S (SC39/2017) v R

Case

[2022] NZSC 7

17 February 2022


NOTE: PUBLICATION OF NAME OR IDENTIFYING PARTICULARS OF COMPLAINANT PROHIBITED BY S 139 OF THE CRIMINAL JUSTICE ACT 1985.

IN THE SUPREME COURT OF NEW ZEALAND

I TE KŌTI MANA NUI

 SC 39/2017
 [2022] NZSC 7
BETWEEN

S (SC 39/2017)
Applicant

AND

THE QUEEN
Respondent

Court:

Glazebrook, O’Regan and Ellen France JJ

Counsel:

Applicant in person
M L Wong for Respondent

Judgment:

17 February 2022

JUDGMENT OF THE COURT

A        The application for an oral hearing is dismissed.

BThe application for appointment of counsel as amicus curiae is dismissed.

CThe application for recall of this Court’s judgment of 16 November 2017 (S (SC 39/2017) v R) is dismissed.

____________________________________________________________________

REASONS

Introduction

  1. Mr S has filed an application for leave to appeal against a decision of the Court of Appeal.[1]  The Court of Appeal dismissed Mr S’s appeal against conviction for sexual offending against his stepdaughter who was aged between nine and 14 at the time of the offending. 

    [1]S (CA361/2010) v R [2013] NZCA 179 (Stevens, Allan and Clifford JJ).
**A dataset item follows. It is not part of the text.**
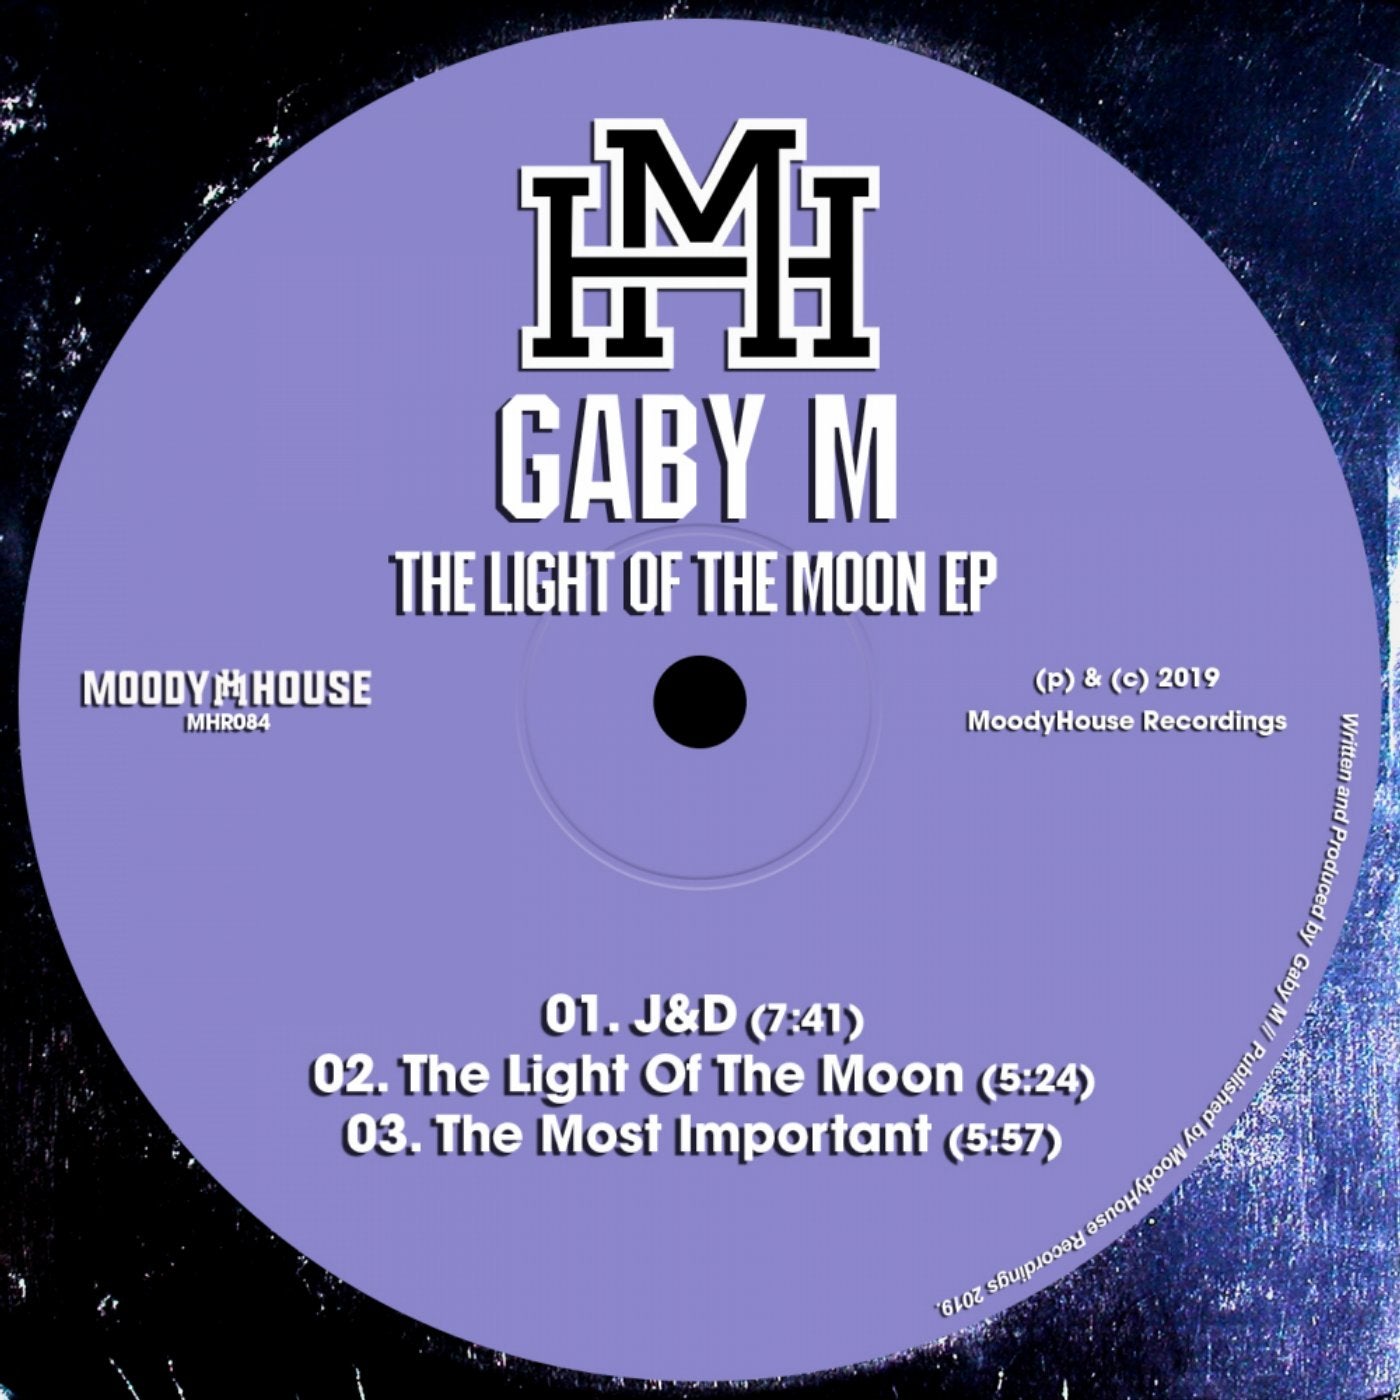 The Light Of The Moon EP
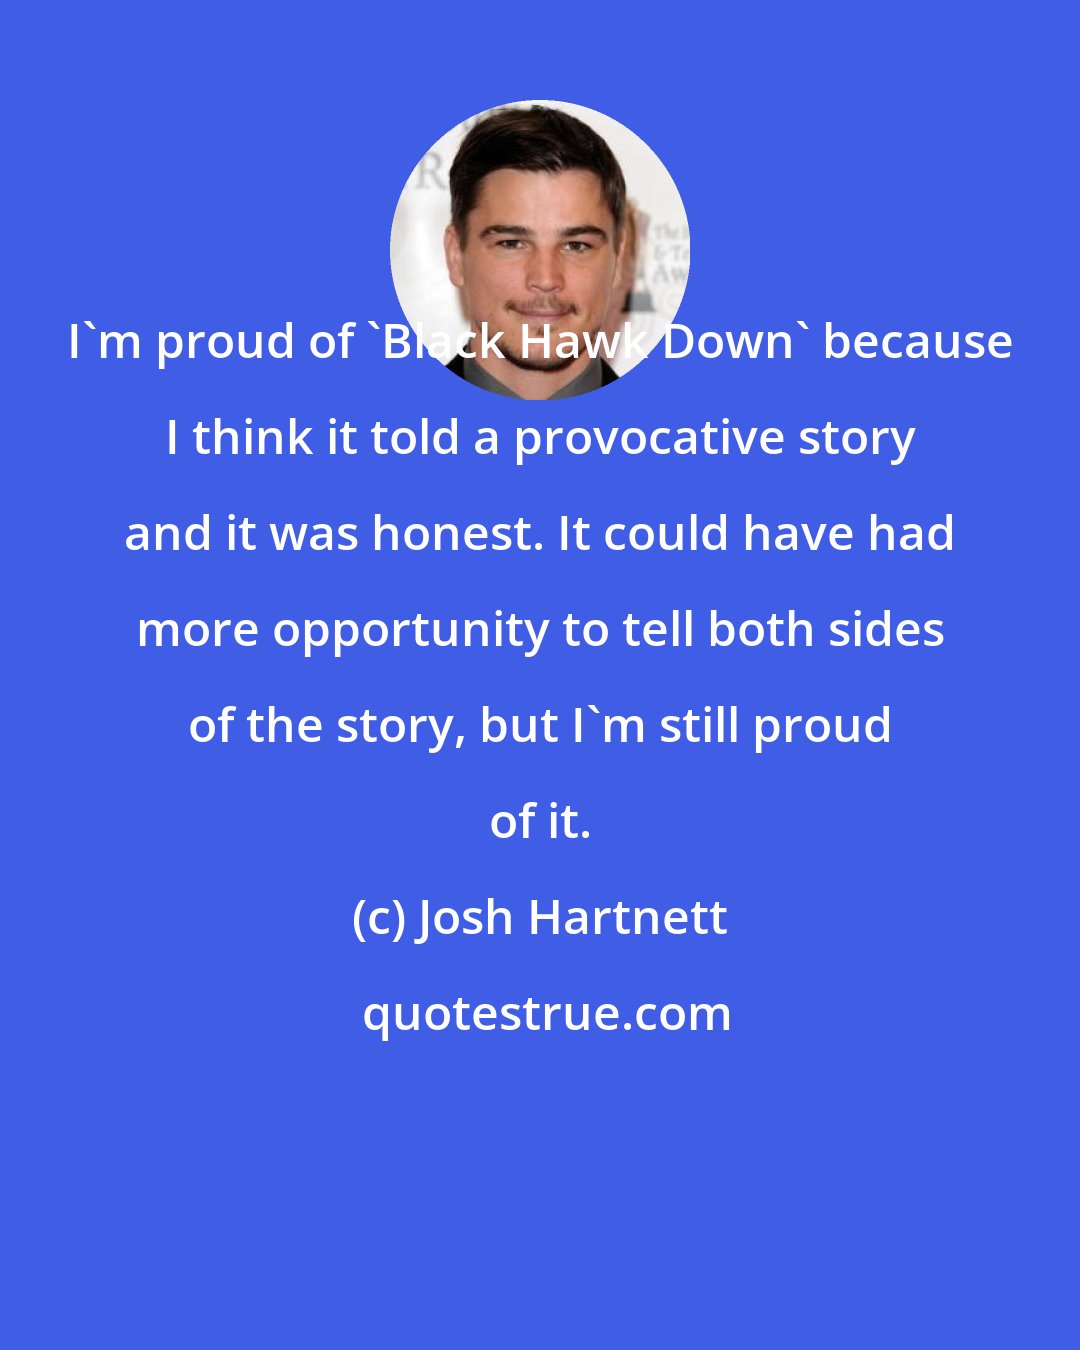 Josh Hartnett: I'm proud of 'Black Hawk Down' because I think it told a provocative story and it was honest. It could have had more opportunity to tell both sides of the story, but I'm still proud of it.

  2. This is Mr S’s second application for leave to appeal.  His previous application was dismissed in 2017 in S (SC 39/2017) v R (the 2017 judgment).[2]  We therefore treat this as an application for recall of the 2017 judgment.[3]

Recall applications

[2]S (SC 39/2017) v R [2017] NZSC 169 (Elias CJ, William Young and O’Regan JJ).

[3]Uhrle v R [2020] NZSC 62, [2020] 1 NZLR 286 at [20].

  1. The general rule is that a judgment, once delivered, must stand for better or worse, subject to appeal.[4]  A decision to recall a judgment will only be made in exceptional circumstances.[5]  A recall application cannot be used to relitigate the reasons provided in the leave judgment.[6]  Nor can it be a means of collateral attack on a decision.[7]  Recall will be appropriate where some procedural or substantive error has occurred that would result in a miscarriage of justice.[8]

Grounds of application

[4]Horowhenua County v Nash (No 2) [1968] NZLR 632 (SC) at 633, as cited in Craig v Williams [2019] NZSC 60 at [10]. Exceptions to this are discussed in Saxmere Company Ltd v Wool Board Disestablishment Company Ltd (No 2) [2009] NZSC 122, [2010] 1 NZLR 76 at [2]; and Green Growth No 2 Ltd v Queen Elizabeth the Second National Trust [2018] NZSC 115 at [20].

[5]Wong v R [2011] NZCA 563 at [13]; and Uhrle v R, above n 3, at [29].

[6]Nuku v District Court at Auckland [2018] NZSC 39 at [2].

[7]R v Palmer CA334/03, 18 October 2004 at [29].

[8]Uhrle v R, above n 3, at [27].

  1. Mr S argues that he has suffered a miscarriage of justice because:

    (a)the medical opinion evidence adduced at trial was incorrect and misled the jury;

    (b)trial counsel failed to call a crucial defence witness and also failed to introduce evidence that corroborated Mr S’s evidence;

    (c)the Court of Appeal should not have accepted trial counsel’s evidence on Mr S’s claim of inadequate representation by trial counsel;

    (d)the Crown failed to follow up on evidence that would have corroborated Mr S’s statements in evidence; and

    (e)the deposition Judge erred in allowing admission of the evidential video interview of the complainant because she did not take an oath or make an affirmation during the interview.

  2. Mr S seeks leave to file reply submissions.  He also seeks an oral hearing and for an amicus curiae to be appointed.

Our assessment

  1. We do not consider that we would be assisted by hearing oral submissions.  We have considered all the written submissions by Mr S.  Nor do we consider it necessary to appoint counsel as amicus curiae, particularly in light of the fact that this is Mr S’s second application for leave to appeal. 

  2. Mr S’s application does not meet the high threshold for a recall.  Most of the arguments that Mr S advances have been thoroughly dealt with in the decision of the Court of Appeal or the 2017 judgment of this Court, or both.  Any errors alleged are peripheral and would not have affected the outcome of the trial.  Mr S’s application is largely an attempt to relitigate matters already determined by this Court.  There is no risk of a miscarriage of justice. 

Result

  1. The application for an oral hearing is dismissed.

  2. The application for appointment of counsel as amicus curiae is dismissed.

  3. The application for recall of this Court’s judgment of 16 November 2017 (S (SC 39/2017) v R) is dismissed.